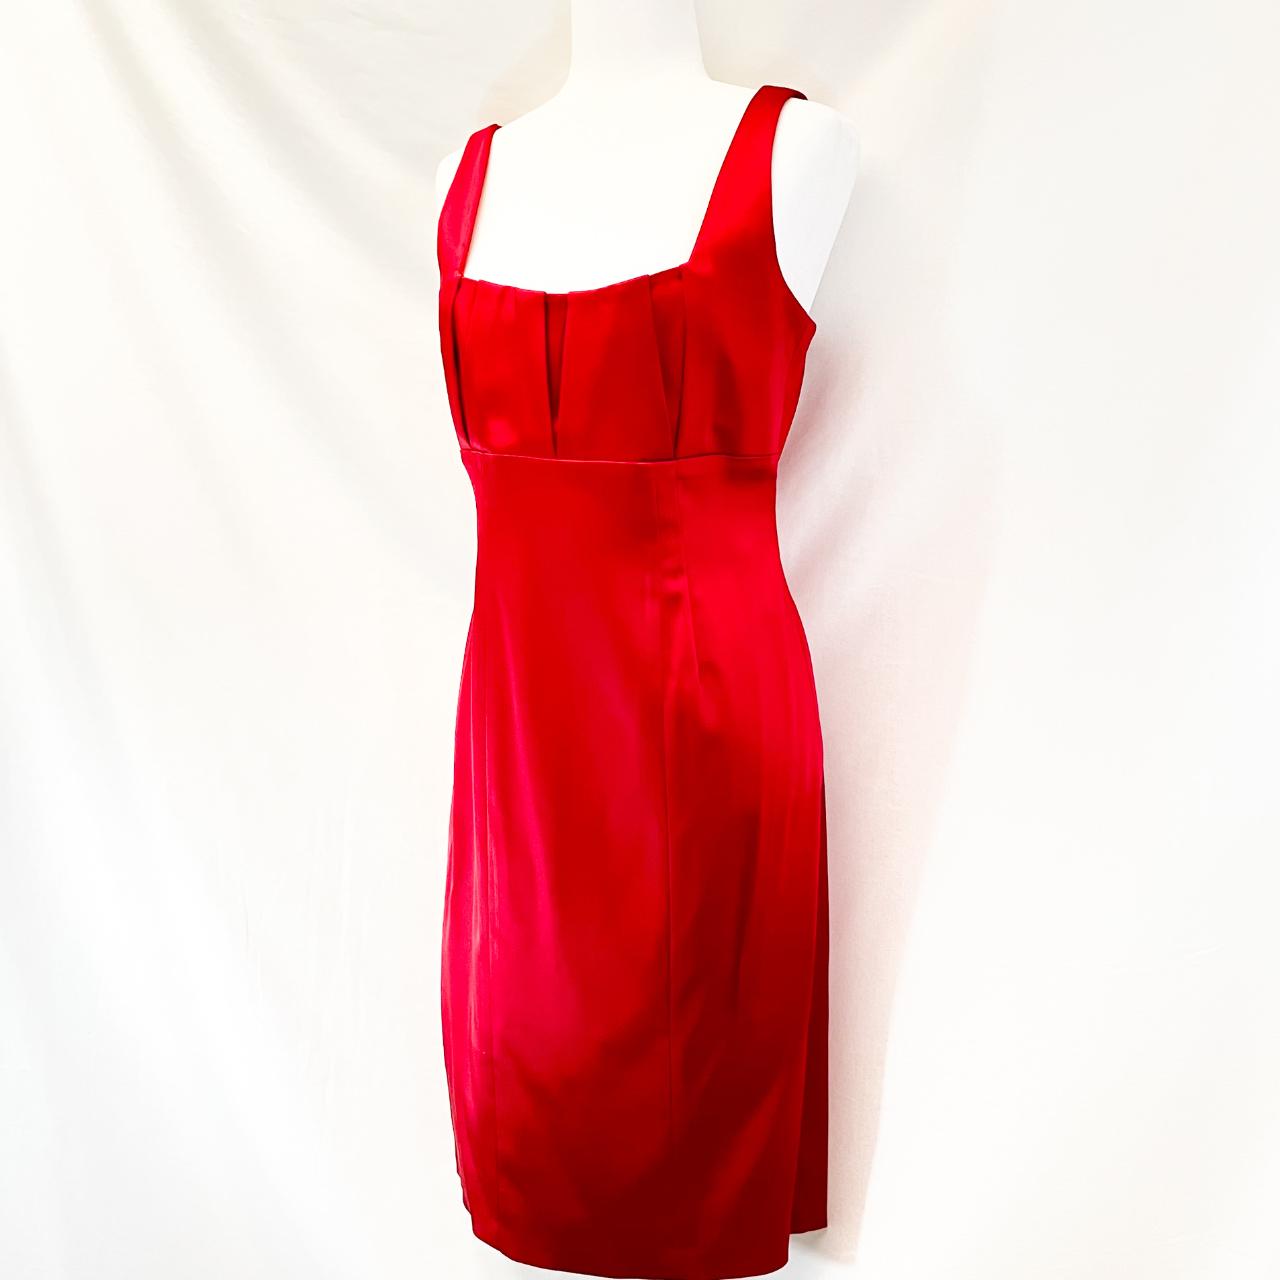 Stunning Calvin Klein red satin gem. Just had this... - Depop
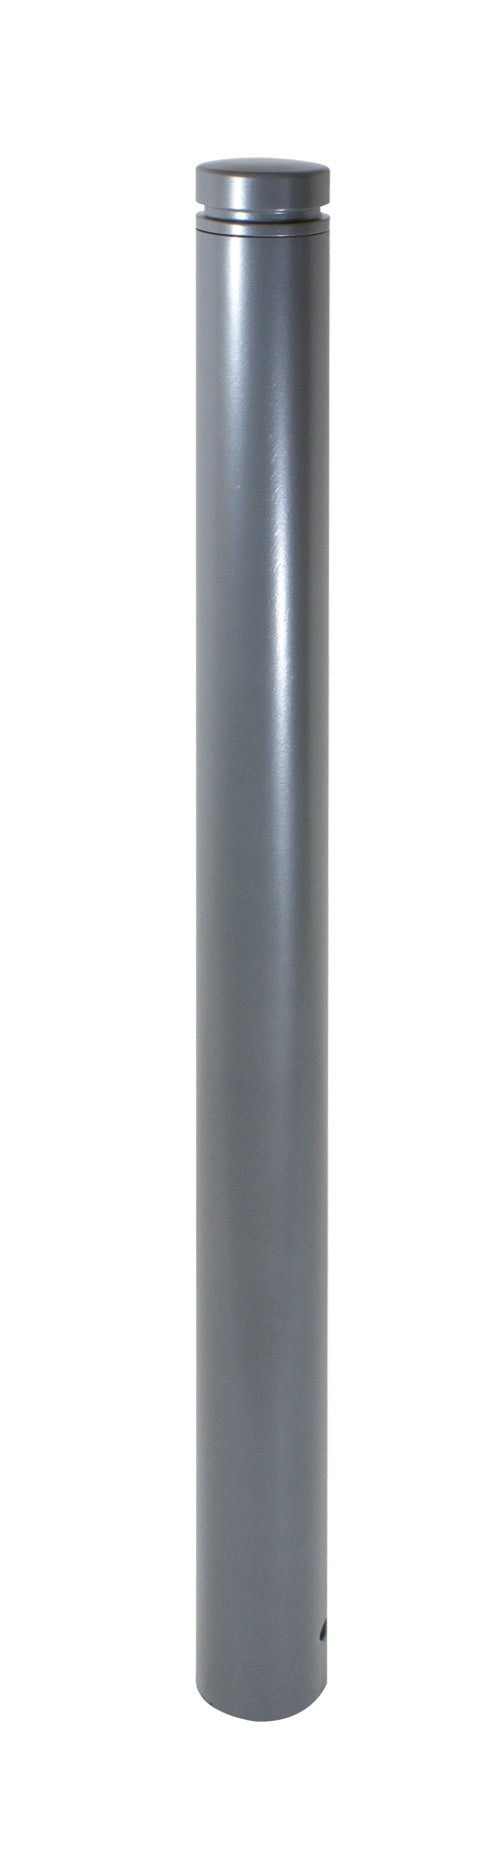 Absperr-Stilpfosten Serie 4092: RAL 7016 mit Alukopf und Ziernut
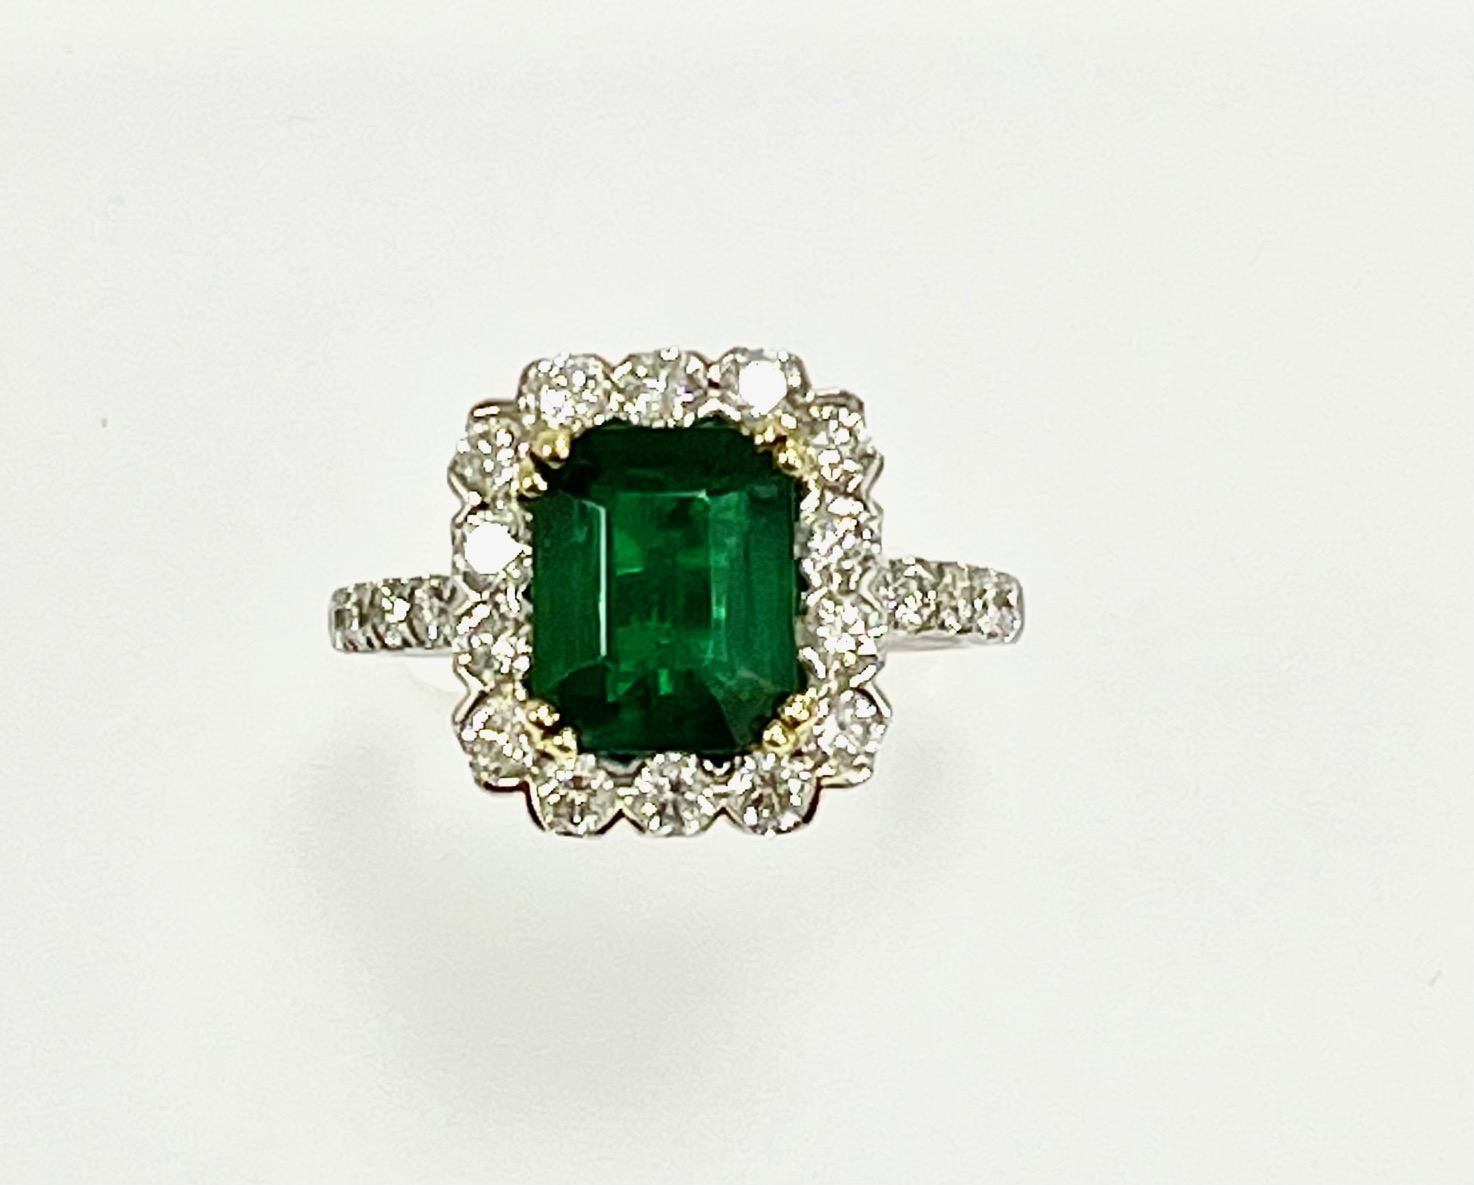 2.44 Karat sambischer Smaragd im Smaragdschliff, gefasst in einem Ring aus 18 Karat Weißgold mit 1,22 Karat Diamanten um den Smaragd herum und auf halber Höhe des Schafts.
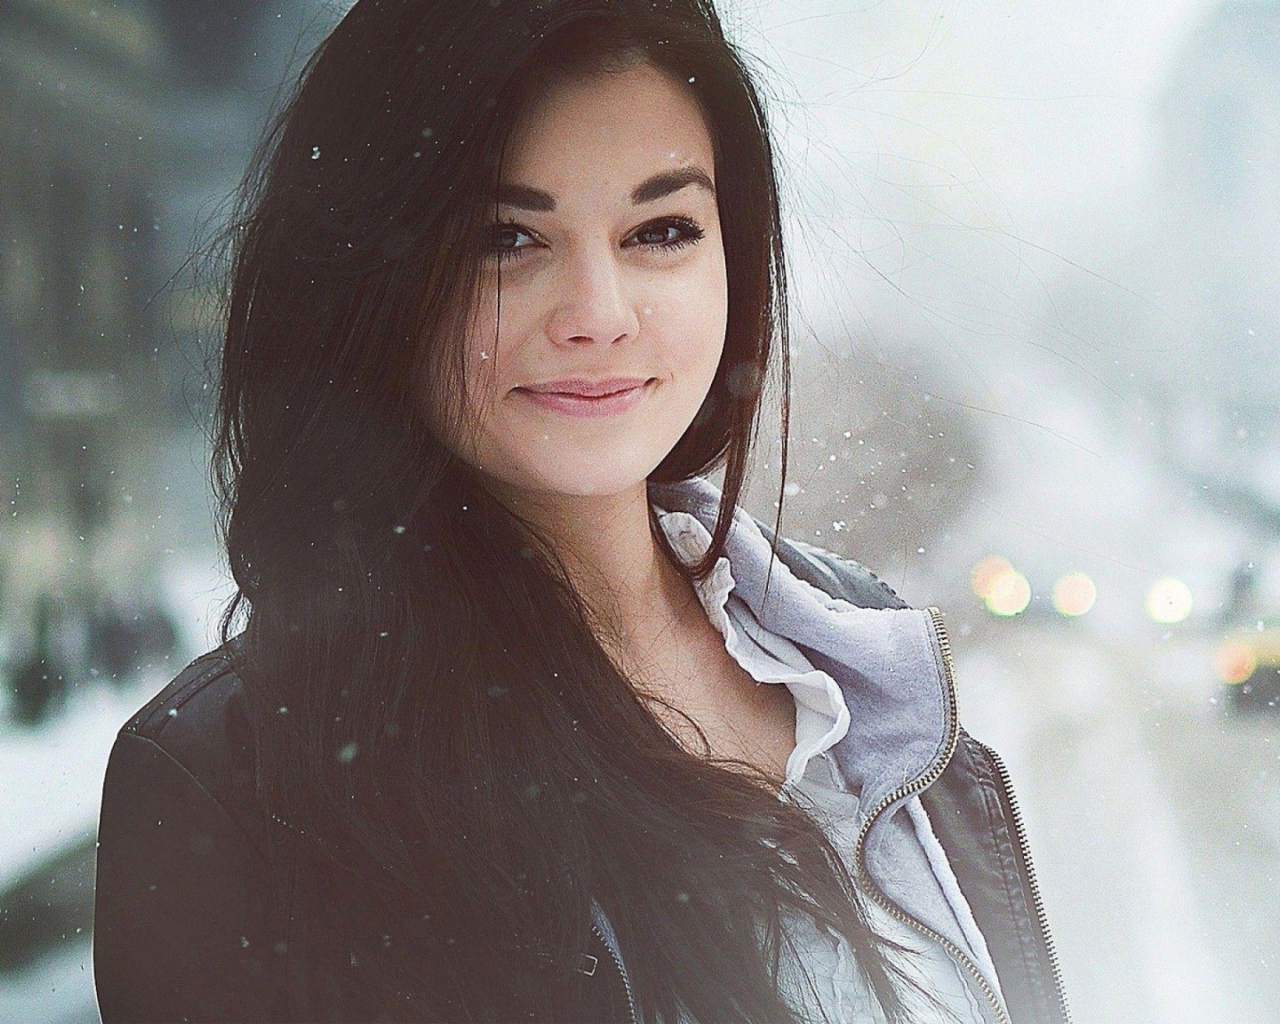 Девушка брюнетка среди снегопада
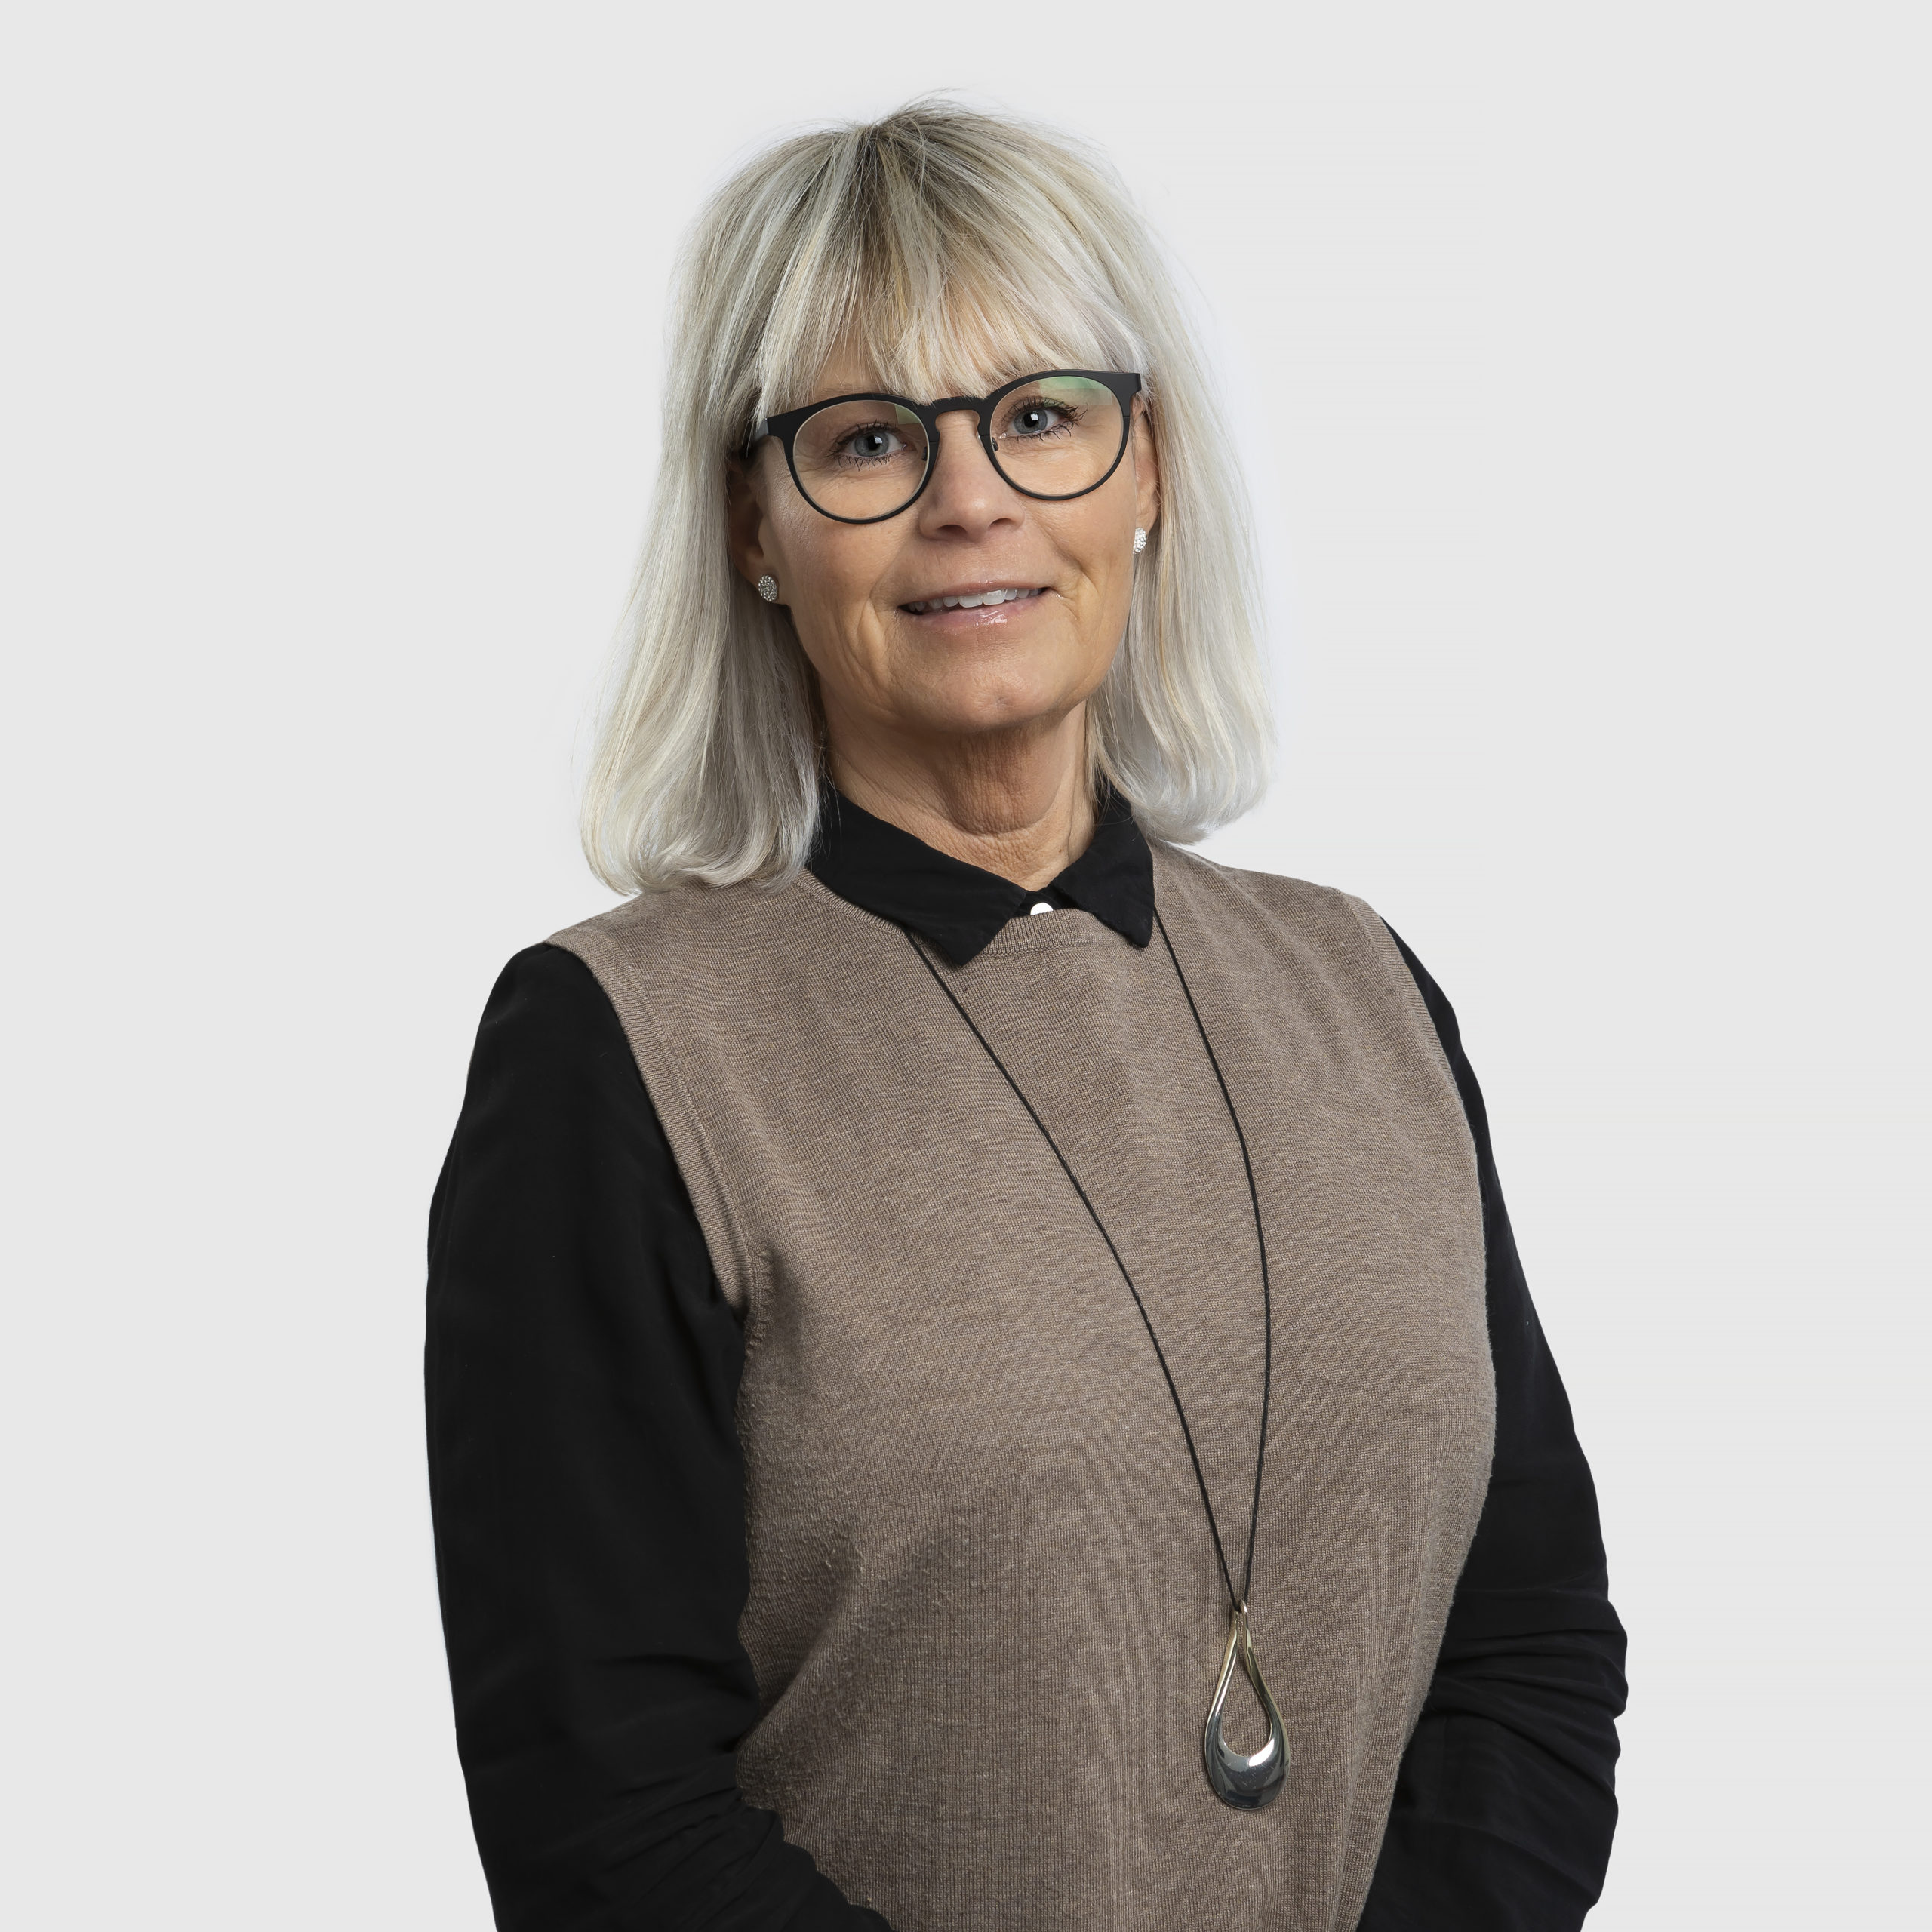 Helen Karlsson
= = =
◆ Task details
A verbatim copy of the material, pictures excluded, is what must be produced.

◆ Task output
 Stunning Calvin Klein red satin gem. Just had this... - Depop
 Absperr-Stilpfosten Serie 4092: RAL 7016 mit Alukopf und Ziernut
 2.44 Karat sambischer Smaragd im Smaragdschliff, gefasst in einem Ring aus 18 Karat Weißgold mit 1,22 Karat Diamanten um den Smaragd herum und auf halber Höhe des Schafts.
 Девушка брюнетка среди снегопада
 Helen Karlsson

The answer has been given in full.